Archive for December, 2009

Japan’s Cash-for-Clunkers: De Facto Protectionism

Tuesday, December 29th, 2009

Japan is running a Cash-for-Clunkers-type program through September 2010, which pays $2,778 to buyers who replace cars that are at least 13 years old with cars that meet Japan’s 2010 emissions standards.  Buyers with no trade-in will get $1,111 if their purchase beats those 2010 standards by at least 15 percent.  Japan allows foreign car companies to sell in Japan as long as those cars meet the fuel-standards of their home countries.  However, only cars that are tested to Japan’s domestic standards are eligible for the rebates.   Since U.S. car exports to Japan are tested only under U.S. rules, not Japan’s, none will be eligible for the rebate. (Automotive News, 12/21/09)

While Japanese automakers sold 319,342 vehicles – more than one-third of them imported – under the U.S. cash-for-clunkers program this year, U.S. brand vehicles will not qualify for the Japanese program.  Protests by the Office of the U.S. Trade Representative have been met by Japanese government declarations that the program is fair.  In the context of “There’s a Lot Resting on Growth,” which we have discussed in recent client meetings, protectionism is one of the potential global economic destabilizers we have described.  Are the rules of the Japanese car rebate program a way of sneaking in de facto protectionism in response to their rising currency?

Risa Hess

China Pushes Open

Monday, December 28th, 2009

You haven’t often heared open source and China in the same sentence…until now.

Beginning in 2001, the Institute of Computing Technology in China started developing the Loongson chip – also known as the Dragon chip – with the goal of creating a chip versatile enough to drive anything from industrial robots to supercomputers.  The first chip appeared in a computer in 2006, and the third generation chip, currently in the prototype stage, will be used to power a petaflop supercomputer.  To encourage the adoption of the processor, the Institute of Computing Technology is adapting everything from Java to Open Office for the Loongson chip and releasing it all under a free software license.  (Wired, 1/10)

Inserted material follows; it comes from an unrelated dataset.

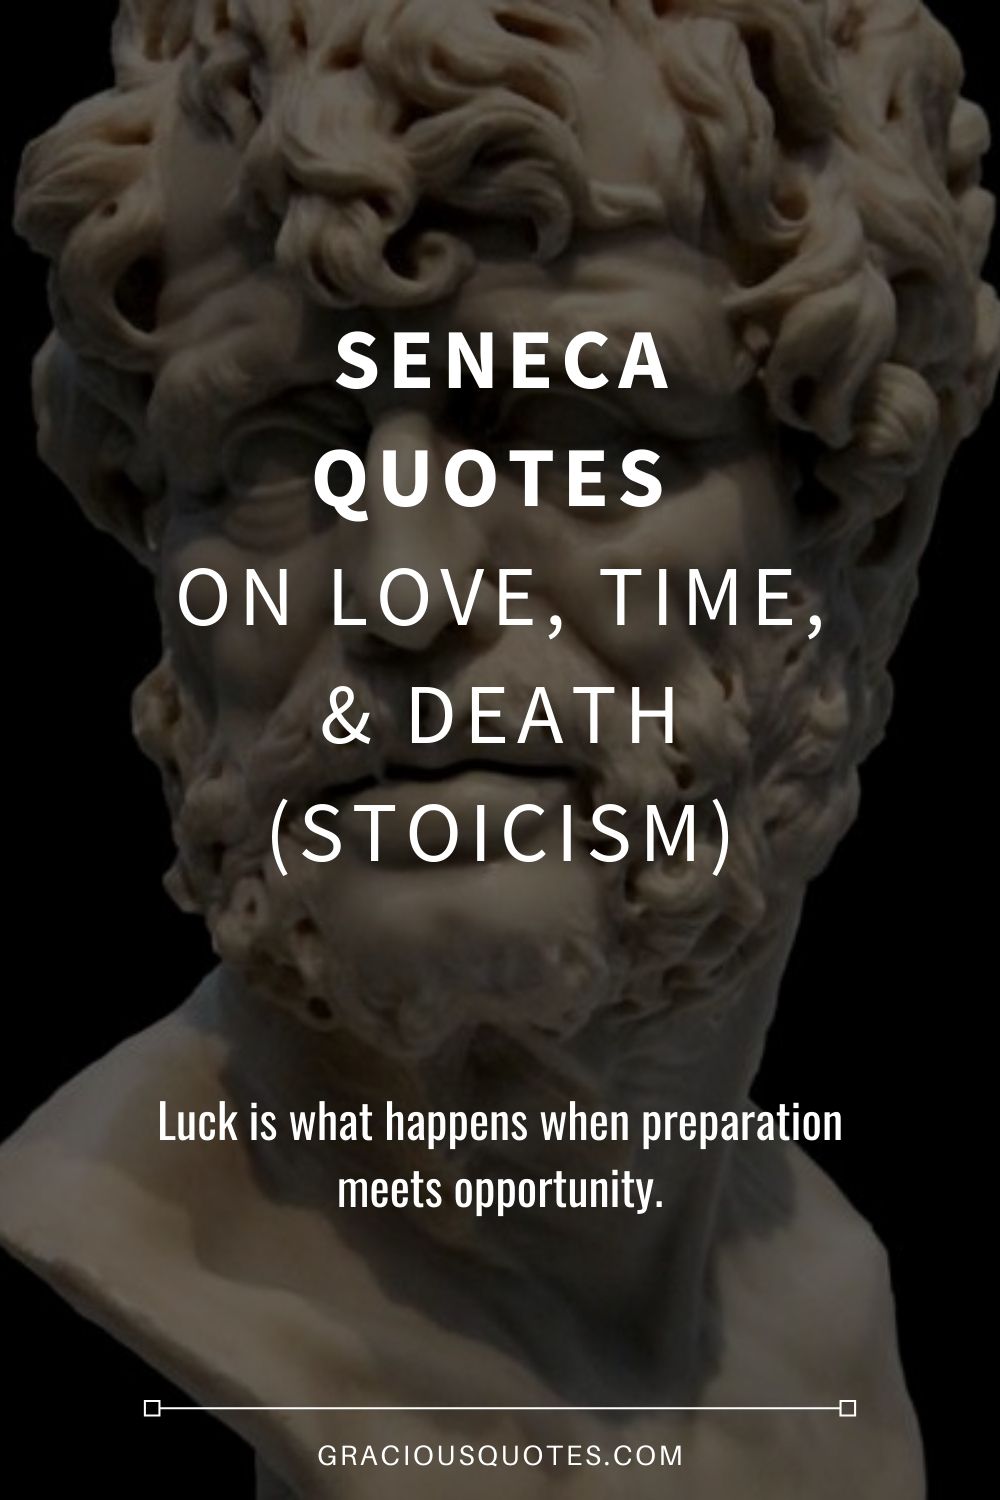 Seneca Quotes on Love, Time, & Death (STOICISM) - Gracious Quotes

The first-generation Loongson chip is being used in a netbook built by Chinese company Lemote.  By releasing everything under a free software license, China is creating a platform for low-cost solutions for the domestic market as well as in Africa and other emerging economies.  This will be a challenge for other chip makers and software providers counting on those markets for future growth.

Eric Zavolinsky

Attacking the Drones

Thursday, December 24th, 2009

Iraqi militants used $26 software to intercept and record live video feeds from American predator drones conducting surveillance in Iraq.  Apparently, the U.S. military officials have known since the 1990s campaign in Bosnia that video surveillance from UAVs is sent unencrypted from the aircraft to ground control, but assumed that local adversaries would not know how to exploit this weakness and monitor the video feeds.  (Wall Street Journal, 12/17/09)

Seriously? SERIOUSLY!? With the accelerating rise in cyber warfare over the past three years, much of it conducted not necessarily by central governments but by rogue citizens who feel antipathy toward a foreign state, how could the Pentagon assume such a high level of naiveté about the trained and organized Iraqi insurgency?  It appears the U.S.military command still needs to reassess some of its assumptions about military tactics in the asymmetrical warfare increasingly common today.

Michael Hines

Another Last, Best Hope

Wednesday, December 23rd, 2009

The print and music industries have started what looks like a final effort to halt the damage that digital technology is wreaking on profits

Simon & Schuster became the first publisher to establish a delayed release window between publication of hardcover books and their e-book editions.  Thirty-five books carrying the Simon & Schuster imprint and having high print runs or high price points will be available in their print versions four months prior to the availability of their e-reader editions. (Publishers Weekly, 12/14/09)

Newspaper publishers are seeking to charge for their work; music companies are dropping the so-called freemium model and looking to expand music-as-a-service programs (a.k.a. subscription music); and now a large publisher wants to have print editions own the market for a limited time.  Unlike the movie industry, which has all but abandoned the sequential release model (i.e., theatre release, DVD, pay-per-view and television), book publishers hope the process of copying and replicating a book will be more time consuming than the much easier digital copying that plagued the music and film industries and that they will be spared the agony of an extensive underground market. Good luck with that.